如果你使用 @EnableZuulProxy 同时引入了Spring Boot Actuator, 你将默认增加一个endpoint, 提供http服务的 /routes. 一个GET请求将返回路由匹配列表. 一个POST请求将强制刷新已存在的路由.(比如, 在服务catalog变化的场景中)
the routes should respond automatically to changes in the service catalog, but the POST to /routes is a way to force the change to happen immediately.
A common pattern when migrating an existing application or API is to “strangle” old endpoints, slowly replacing them with different implementations. The Zuul proxy is a useful tool for this because you can use it to handle all traffic from clients of the old endpoints, but redirect some of the requests to new ones.
一个常见的迁移旧应用或者旧接口的方式，就是逐步的替换它的实现。 Zuul代理是一种很有用的工具, 因为你可以使用这种方式处理所有客户端到旧接口的请求. 只是重定向了一些请求到新的接口.

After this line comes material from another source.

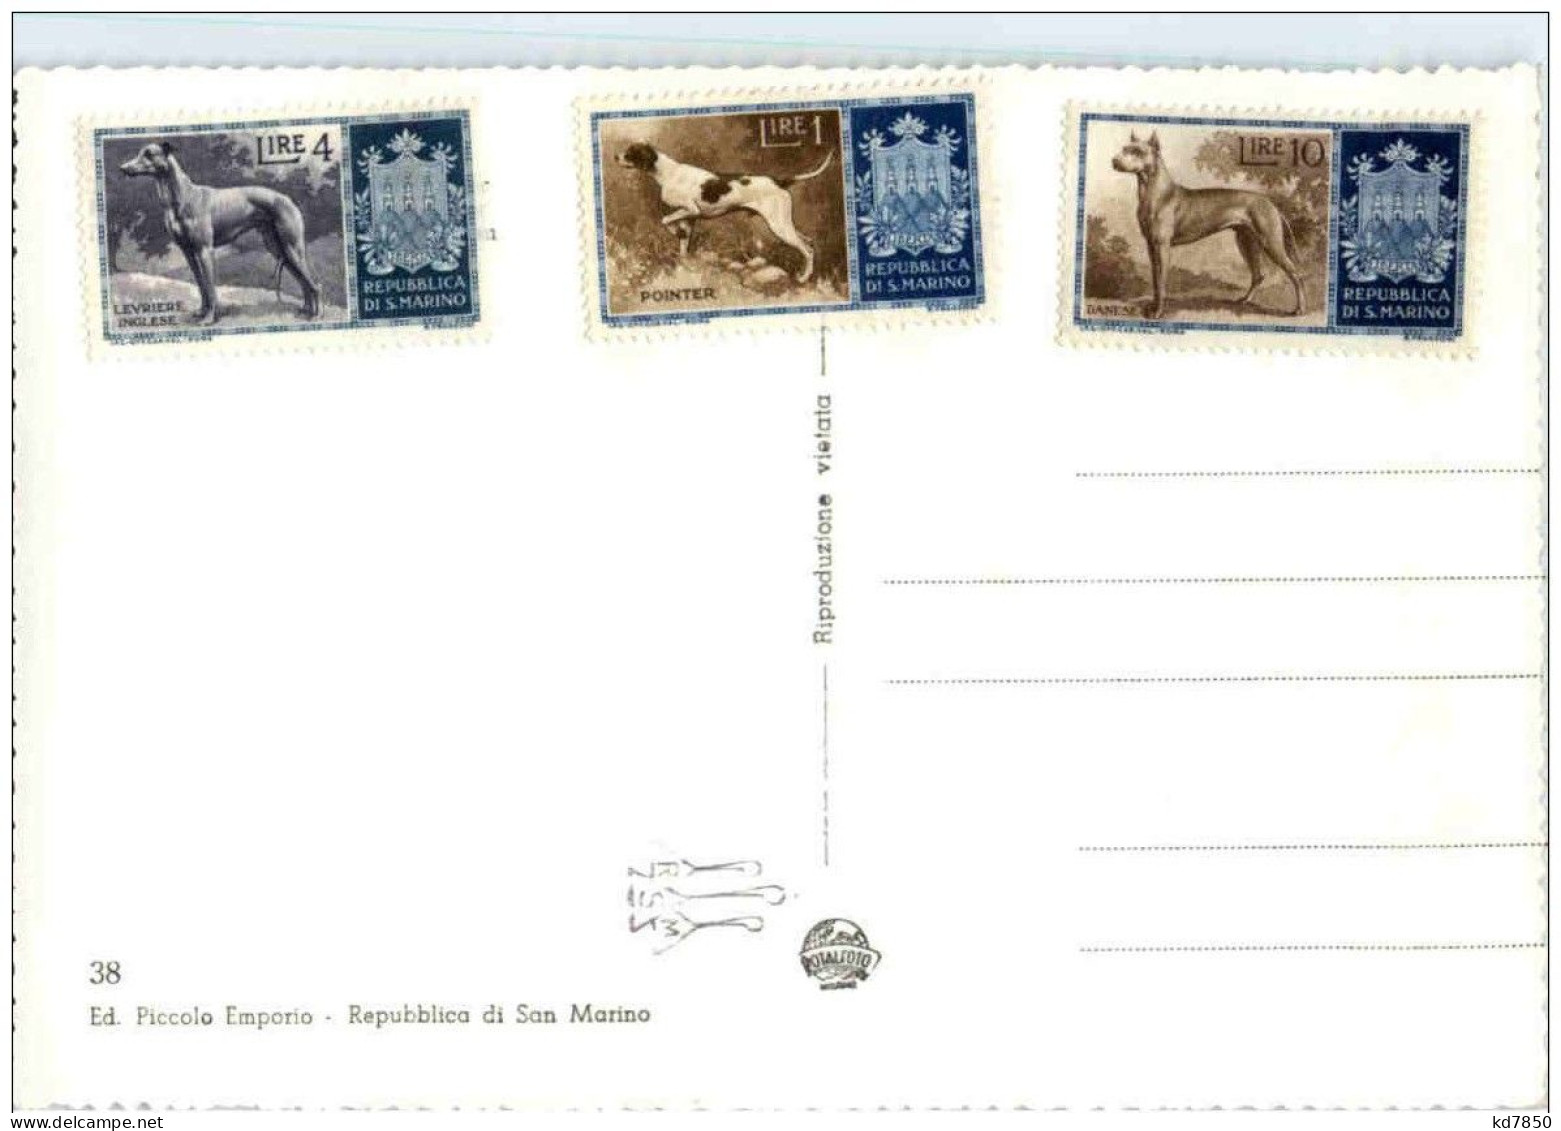 San Marino - Stamps - San Marino

zuul: routes: first: path: /first/** url: http://first.example.com second: path: /second/** url: forward:/second third: path: /third/** url: forward:/3rd legacy: path: /** url: http://legacy.example.com
In this example we are strangling the “legacy” app which is mapped to all requests that do not match one of the other patterns. Paths in /first/ have been extracted into a new service with an external URL. And paths in /second/ are forwarded so they can be handled locally, e.g. with a normal Spring @RequestMapping. Paths in /third/** are also forwarded, but with a different prefix (i.e. /third/foo is forwarded to /3rd/foo).
在这个例子中，我们替换了 “legacy” ，它映射到所有的请求，但是没有匹配到其他任何一个请求。路径 /first/ 指向了一个额外的URL. 并且路径 /second/ 是一个本地跳转. 比如, 带有Spring注解的 @RequestMapping . 路径 /third/** 也是一个本地跳转, 但是属于一个不同的前缀. (比如 /third/foo 跳转到 /3rd/foo )。
The ignored patterns aren’t completely ignored, they just aren’t handled by the proxy (so they are also effectively forwarded locally).